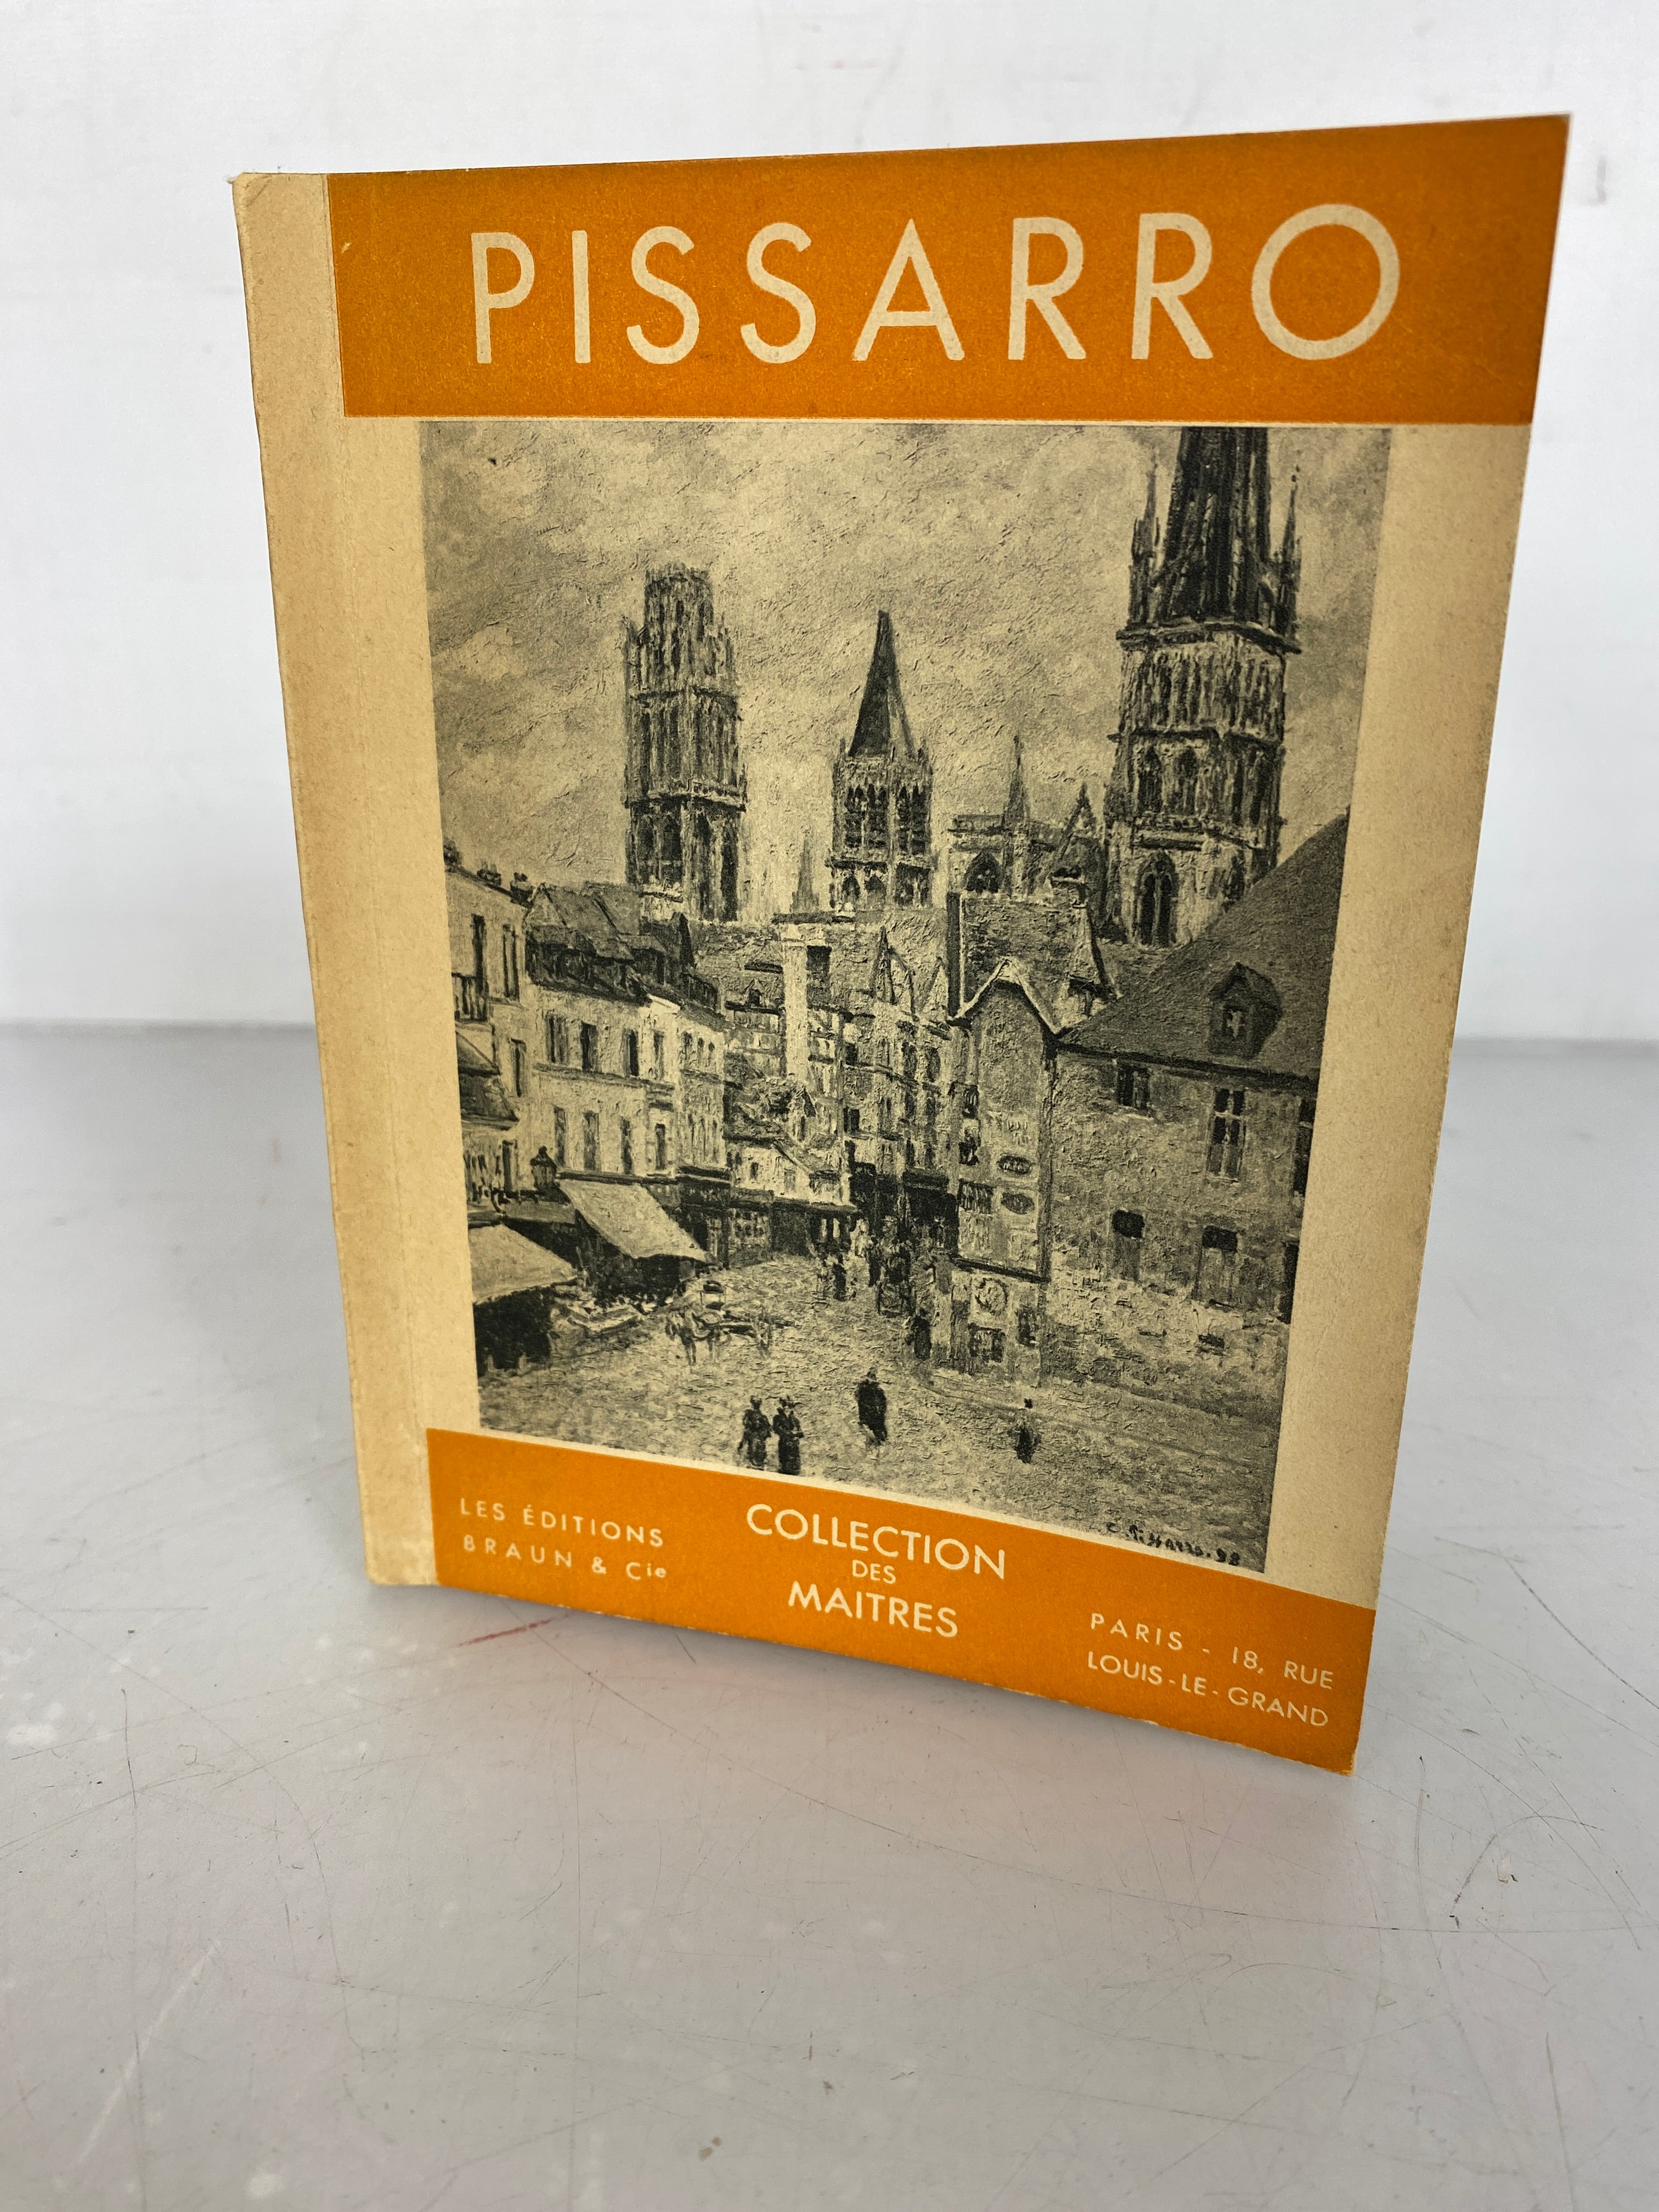 Lot of 2 Art Books Camille Pissarro (in French) and Pablo Picasso (in German) c1950-1960s SC HC
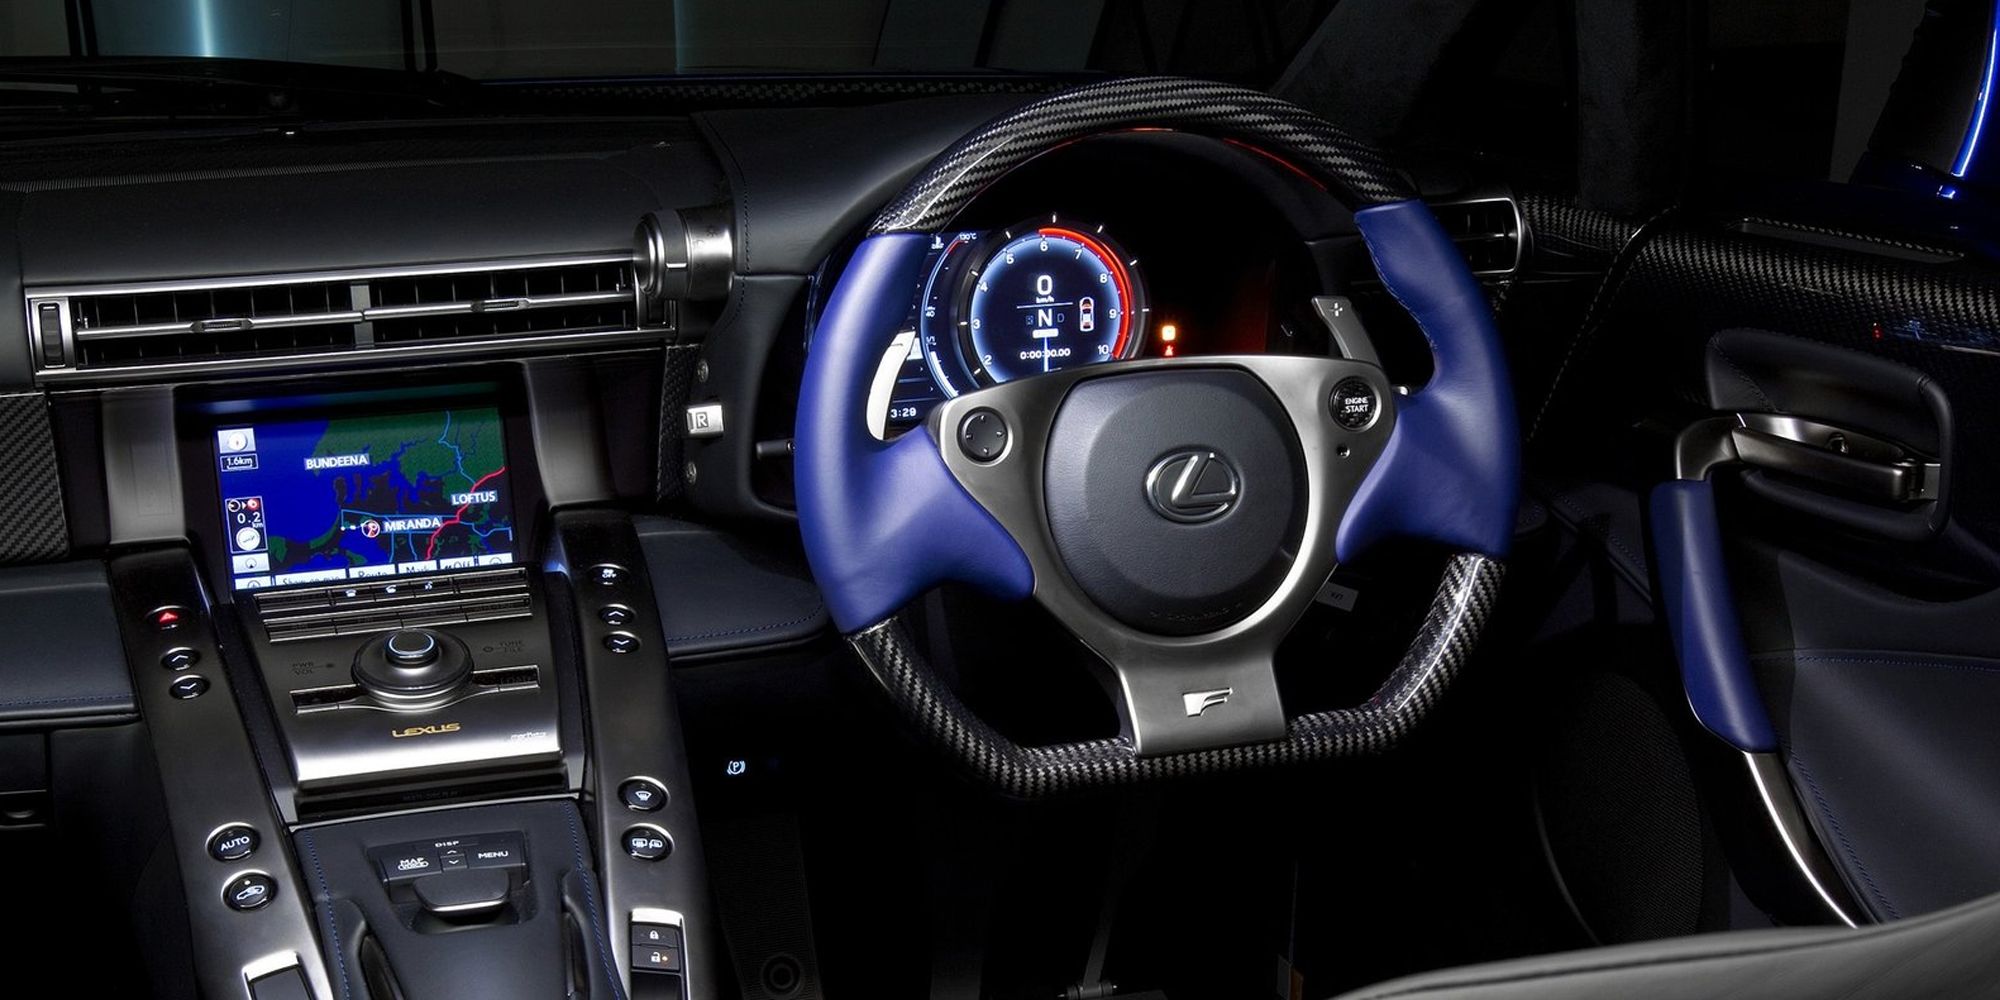 The interior of the LFA, RHD, black leather with blue accents
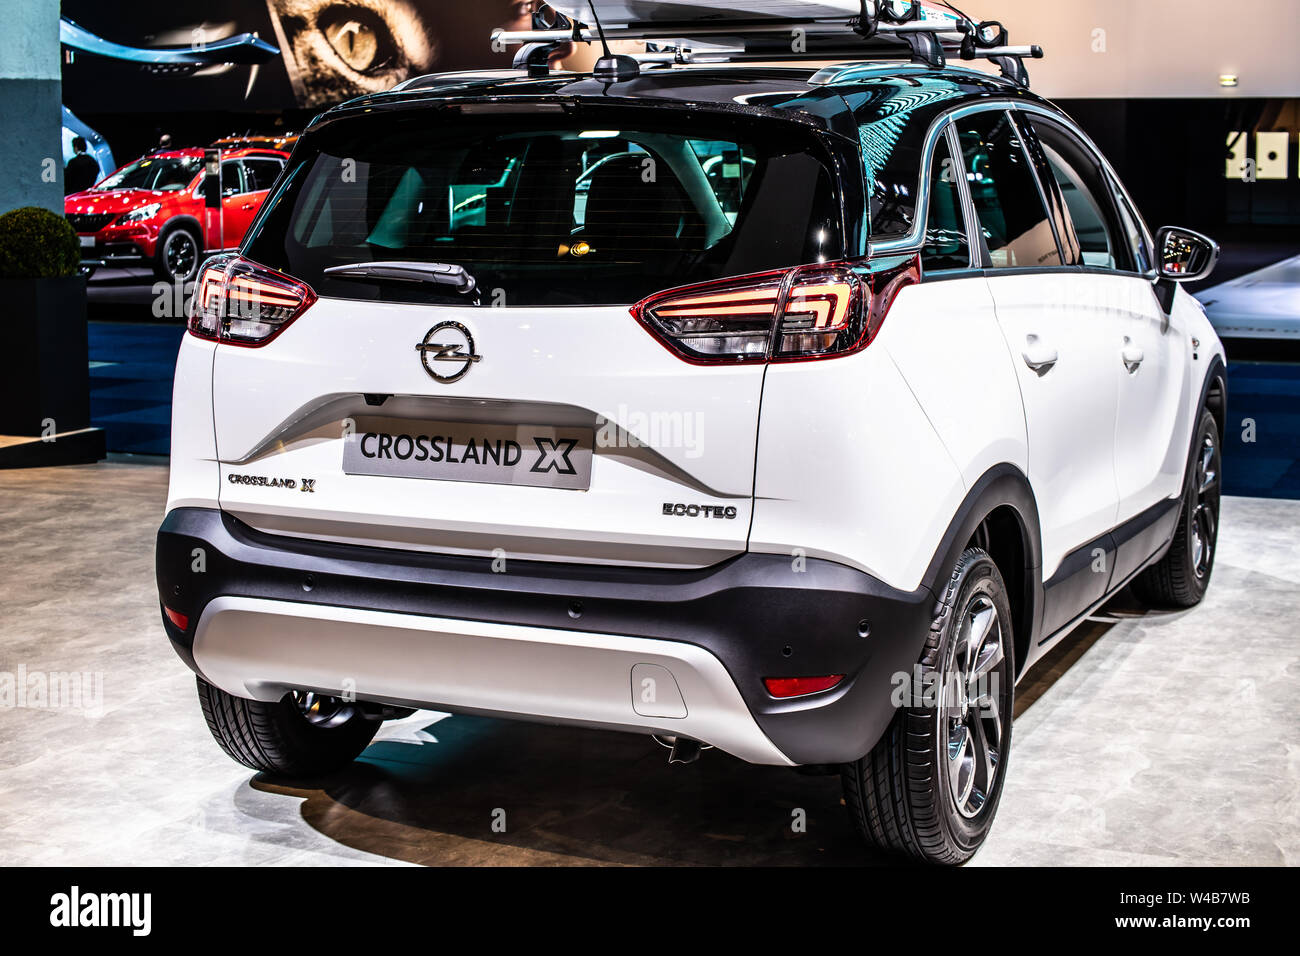 https://c8.alamy.com/comp/W4B7WB/brussels-belgium-jan-2019-metallic-white-opel-crossland-x-at-brussels-motor-show-subcompact-crossover-suv-produced-by-opel-psa-group-W4B7WB.jpg
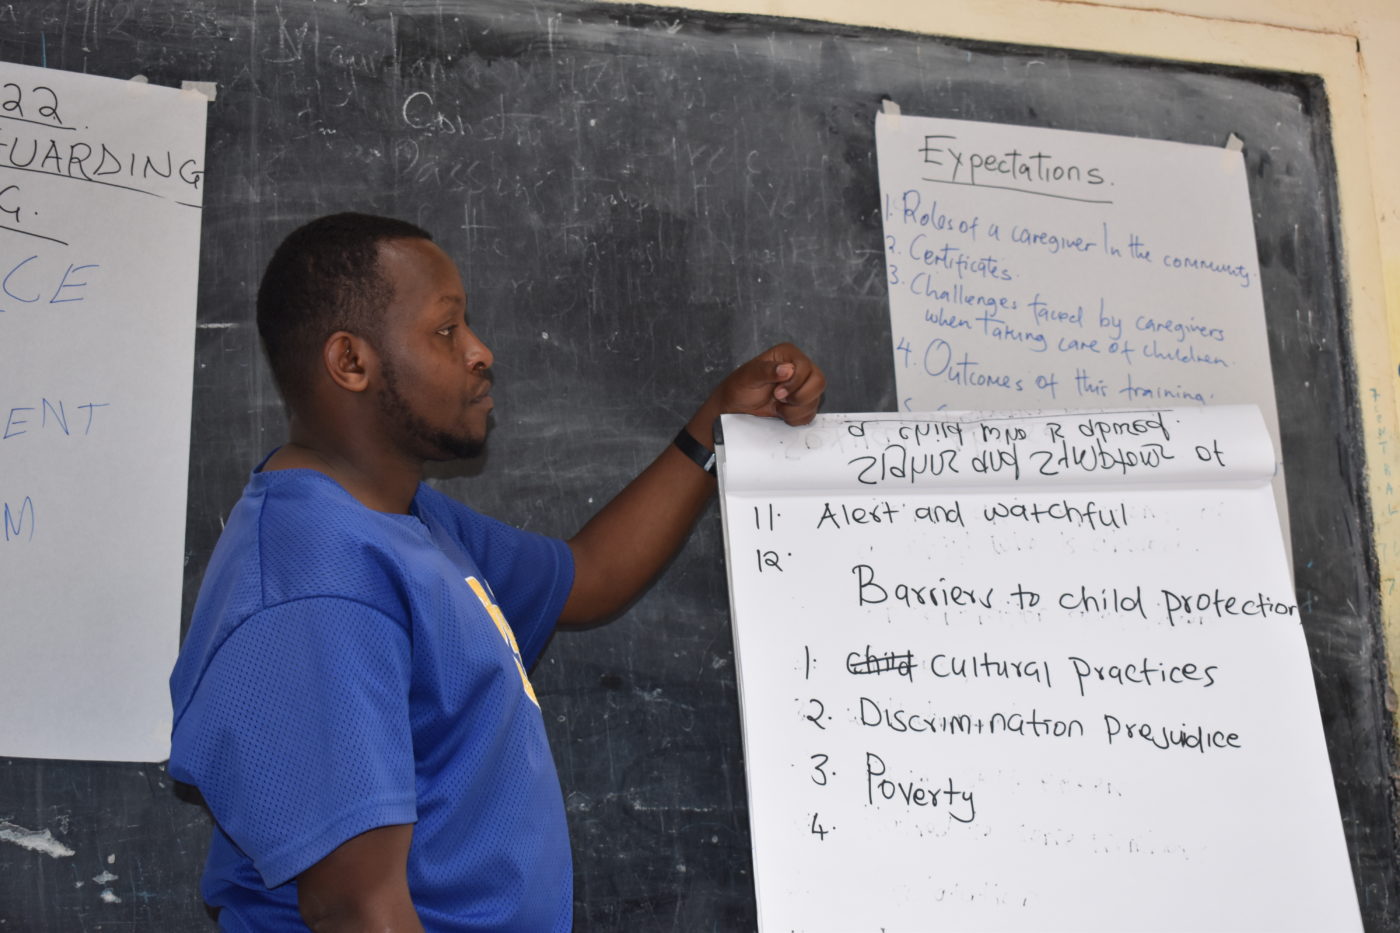 Program Story 2 - Primary school teachers empowered to prevent child abuse

__Work task__: Since the pictures are not wanted, write out the rest of the data exactly as it reads.

__Final answer__:
 Lot of 2 Art Books Camille Pissarro (in French) and Pablo Picasso (in German) c1950-1960s SC HC
 The interior of the LFA, RHD, black leather with blue accents
 https://c8.alamy.com/comp/W4B7WB/brussels-belgium-jan-2019-metallic-white-opel-crossland-x-at-brussels-motor-show-subcompact-crossover-suv-produced-by-opel-psa-group-W4B7WB.jpg
 Program Story 2 - Primary school teachers empowered to prevent child abuse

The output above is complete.